Adherence to the online education sessions will be assessed by class attendance from sign-ins and visual scans of video conference attendees. We will set up an online group chat for participants to remind them to attend before the start of each class, and we will create a preclass check-in e-form, post-class Q&A and evaluation e-form to measure participation in the class. For the nutrition checklist and ‘one-page flyer’ arm (NOA), after the 17-item nutrition checklist and ‘one-page flyer’ were distributed, pregnant women underwent three dietary screenings in the early, middle and late stages of pregnancy, and provided one-on-one guidance on the main screening issues to improve maternal compliance.

The treatment will be considered complete if at least four out of the six sessions are attended for the online education arm.

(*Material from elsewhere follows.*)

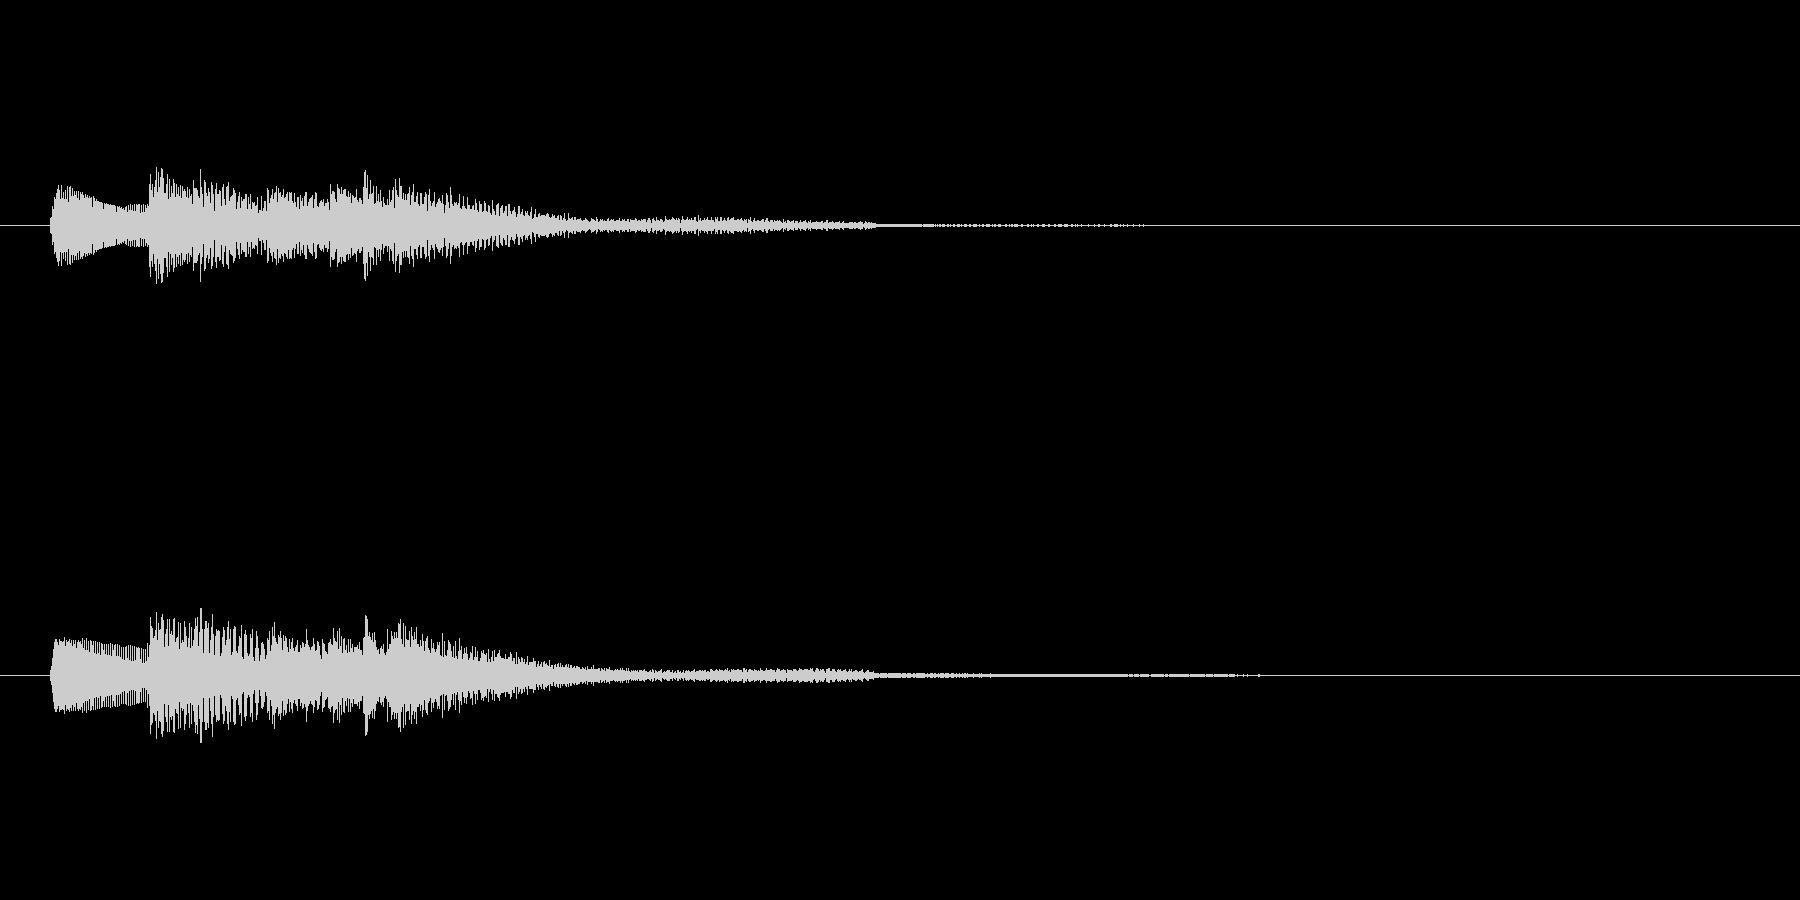 琴の上昇、グリッサンド、アルペジオの未再生の波形

For the POA group, we will count the number of times pregnant women screen for nutritional issues (17-item pregnancy nutrition checklist) and use a questionnaire to investigate the reading status of ‘one-page flyer’. Adherence to the nutrition behaviours will be assessed by an improvement of ≥3 points of their total scores of the 17-item pregnancy nutrition checklist compared with their total initial score.45 The study population will be sorted according to adherence to the dietary guidelines, depending on the score: ≥12 high adherence, 6–11 moderate adherence and <6 low adherence.45

Relevant concomitant care permitted or prohibited during the trial

People who participate in this trial cannot participate in another trial.

Provisions for post-trial care

No post-trial care is needed since this is an educational intervention.

Outcomes

Adverse pregnancy outcomes

Primary outcome

The primary outcome will be the prevalence of LGA at birth, defined as the newborns with a measured birth weight above the 90th percentile (P90) of the same sex were evaluated as LGA (growth standard for newborns by gestation in China, WS/T 800-2022).

Secondary outcomes

Neonatal: Birth weight, macrosomia (birth weight ≥4000 g), SGA (birth weight below the 10th percentile for gestational age) or low birth weight (birth weight ≤2500 g), preterm birth (<37 weeks’ gestation), low Apgar score (Apgar<7), low birthweight infant (birth weight ≤2500 g), preterm birth (gestational age <37 weeks), Apgar score.

Maternal: GDM (GDM is diagnosed when the blood glucose value at any point in time meets or exceeds the above criteria: fasting, 1 hour after oral glucose and 2 hours after glucose thresholds of 5.1, 10.0 and 8.5 mmol/L, respectively), gestational hypertension (defined as >20 weeks’ gestation, elevated blood pressure (BP) (systolic BP≥140 mm Hg or diastolic BP≥90 mm Hg) in the absence of proteinuria), caesarean section rate, birth canal injury rate, shoulder dystocia rate, maternal insulin treatment rate, maternal weight gain during pregnancy (maternal weight gain generally refers to maternal weight at delivery minus prepregnancy weight), preeclampsia (defined as >20 weeks’ gestation, new-onset hypertension (systolic BP ≥140 mm Hg or diastolic BP≥90) mm Hg) and new-onset proteinuria (300 mg protein intake within 24 hours or urine protein/creatinine ratio 0.3 mg/dL), or in the absence of proteinuria, new-onset hypertension with new-onset thrombocytopaenia, renal insufficiency, impaired liver function, pulmonary oedema or cerebral or visual impairment), perinatal mortality (fetuses or neonates death at >28 weeks’ gestation—within 7 days of postpartum).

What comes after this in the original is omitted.